Первыми хипишевать начали женщины. Одна блатная бабенка Нина пристала к солдатику:
— Позови начальника, салага! А то уссусь.
А он-то отлучиться не может, на посту. Он так ей и сказал:
— Не могу я.
У них началась перепалка. Солдат послал ее на три буквы. Для женщины, конечно, снести такую обиду, когда только посылают, но не реализуют в натуре, страшнее смерти. Вот она и понесла по кочкам:
— Я бы с радостью побежала, только не на твой прыщик. У тебя еще член не вырос. Лучше я губы тебе «чесалкой» намажу. Ты у меня ее всю оближешь.

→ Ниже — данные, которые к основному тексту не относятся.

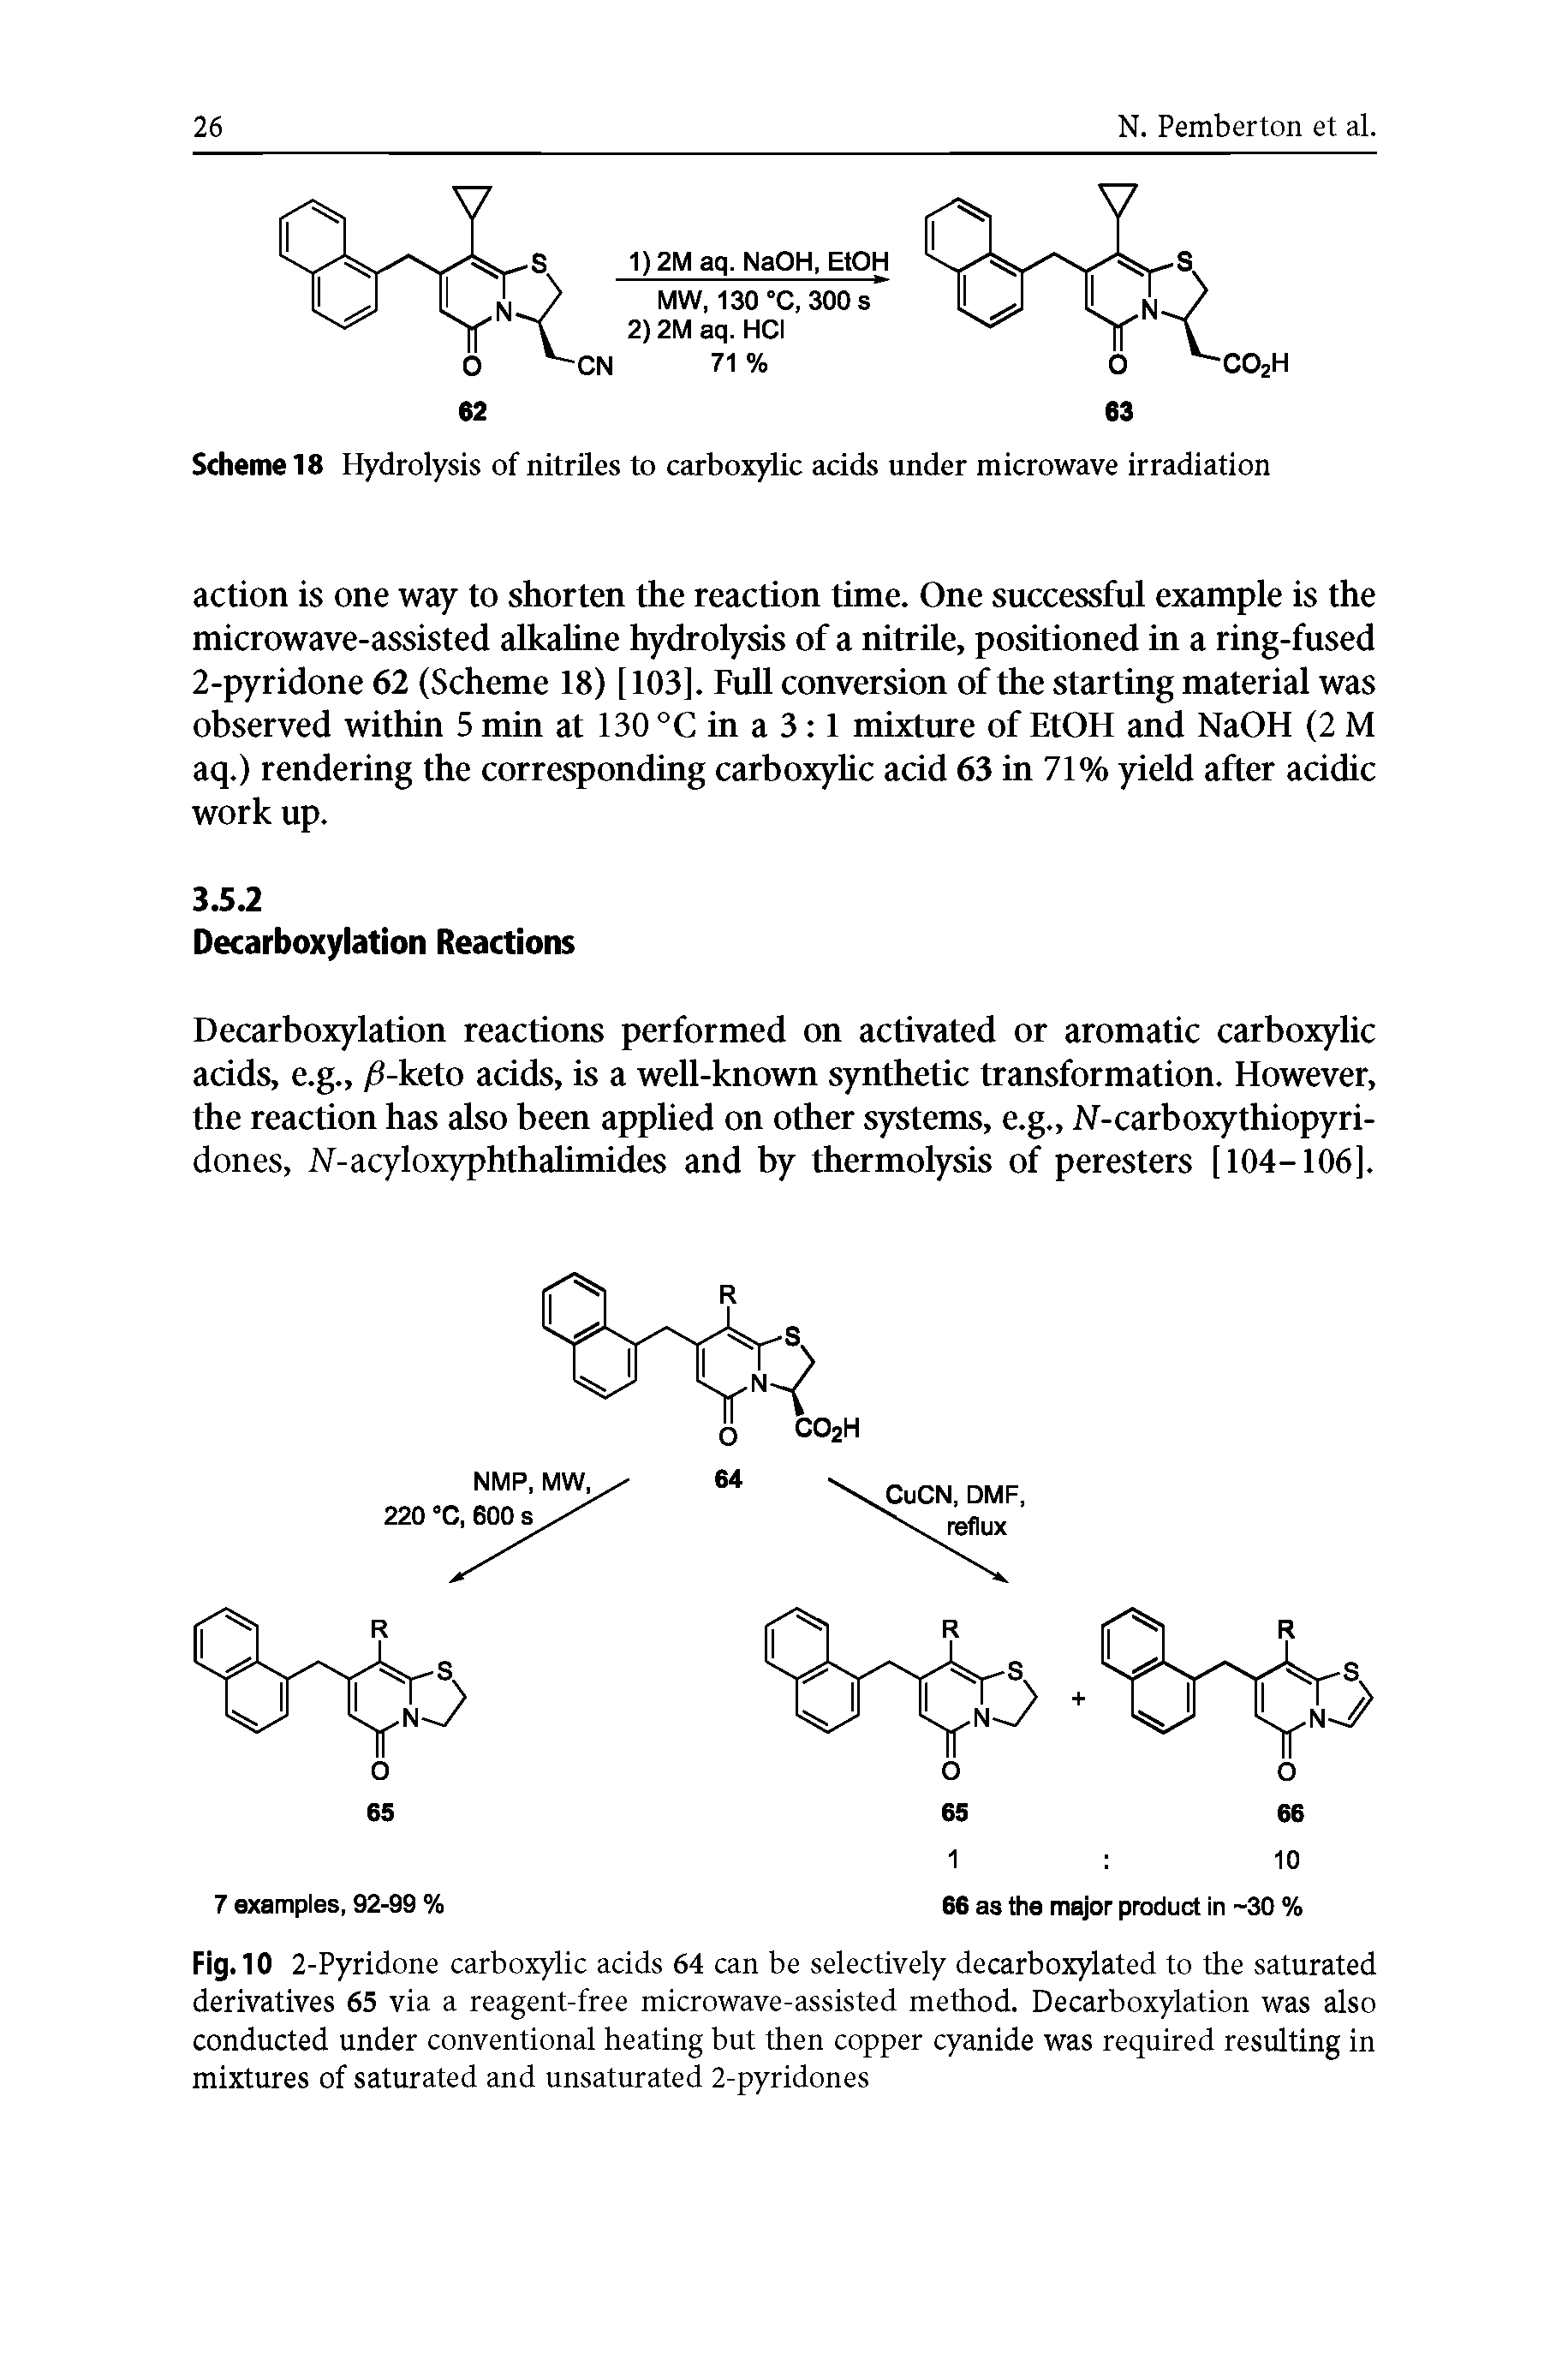 Fig. 10 2-Pyridone carboxylic acids 64 can be selectively decarboxylated to the saturated derivatives 65 via a reagent-free microwave-assisted method. Decarboxylation was also conducted under conventional heating but then copper cyanide was required resulting in mixtures of saturated and unsaturated 2-pyridones...

Парень-то молодой, не знал, что с женщинами связываться бесполезно, тем более когда они в таком состоянии. Солдат со злости за ее слова, ведь она на весь вагон кричала, взял тряпку, выпустил из баллончика на нее «черемухи» и кинул возле женского купе.
Что тут началось, не приведи Господь. Все в вагоне стали кашлять, задыхаться, глаза невозможно было открыть, так их разъедало. А ветерок по вагону гуляет и поддает едкий запах во все купе. Зеки кричат солдату:
— Тряпку ты выкинь! Выкинь тряпку, дурак, из вагона!

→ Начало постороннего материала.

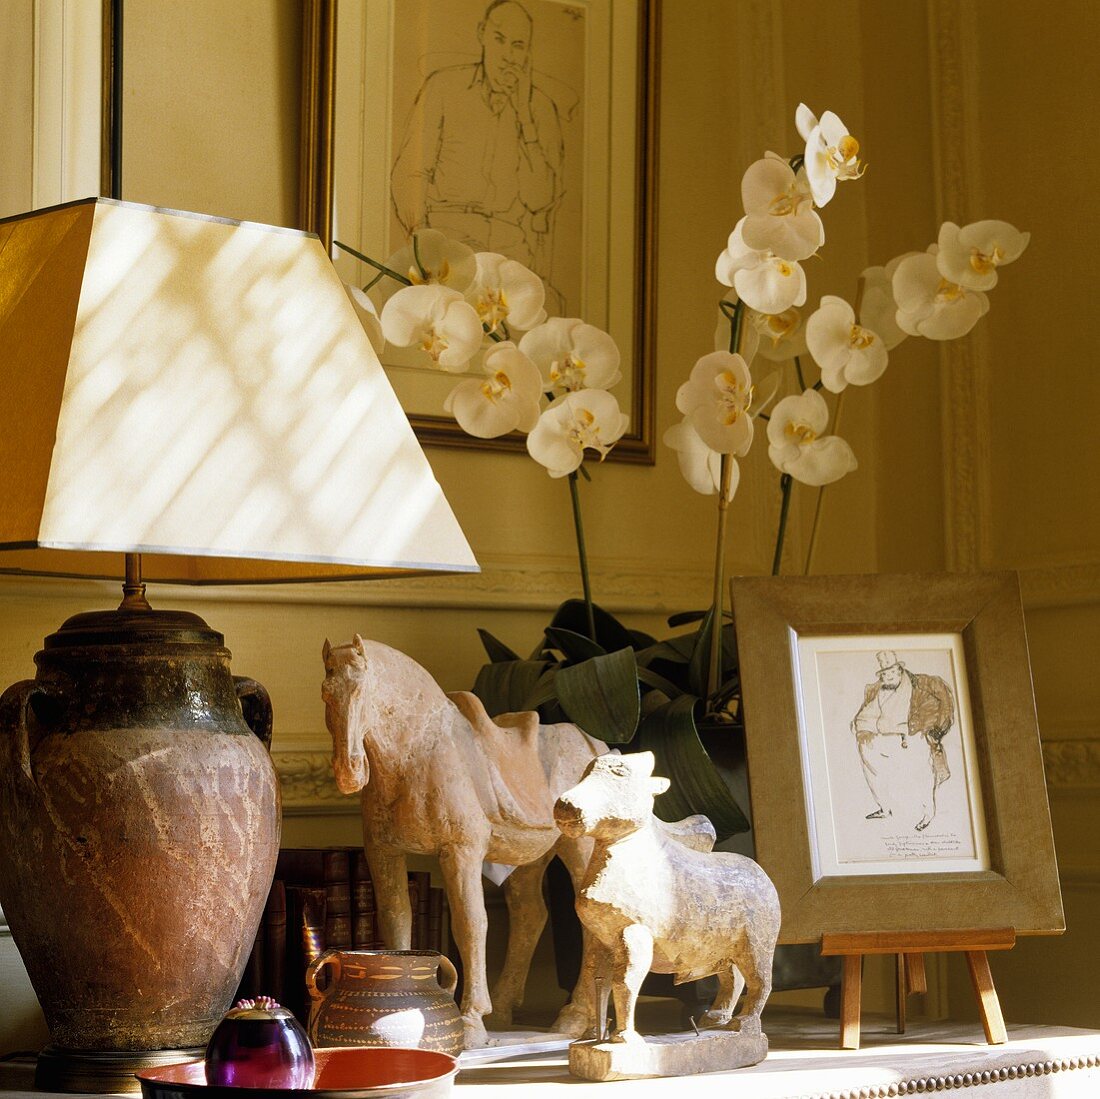 A table lamp with a white shade and stone animal figures on a shelf

Состав остановился. Для полной радости кто-то поджег вагон. Все солдаты выскочили из него. Проснулся и начальник конвоя. С перепоя не поймет, в чем дело. Так его солдаты вытащили на улицу. Один солдат видит, что вагон уже сильно охватило огнем, кинулся к вагону, чтобы открыть купе и выпустить заключенных. Так начальник конвоя пристрелил солдата возле вагона. Тут с вокзала прибежал посыльный и подал распоряжение, что можно открыть вагон. Солдаты заскочили в горящий вагон, стали открывать купе и вытаскивать обожженных и полузадохнувшихся заключенных. Особенно пострадали малолетки. Со станции Минводы стали подходить «воронки». Нас, как дрова, начали забрасывать в машины, набивали под завязку. Мы снова стали задыхаться и кричать. Шофер на предельной скорости гнал машину в тюрьму. Где-то не вписался в поворот, и «воронок» перевернулся и стал вверх колесами. Подъехали другие машины, солдаты открыли заднюю дверь нашего «воронка» и нас снова стали выкидывать на землю. Вытащили и начальника конвоя с шофером. По полю валялись наши личные дела, солдаты стали их собирать.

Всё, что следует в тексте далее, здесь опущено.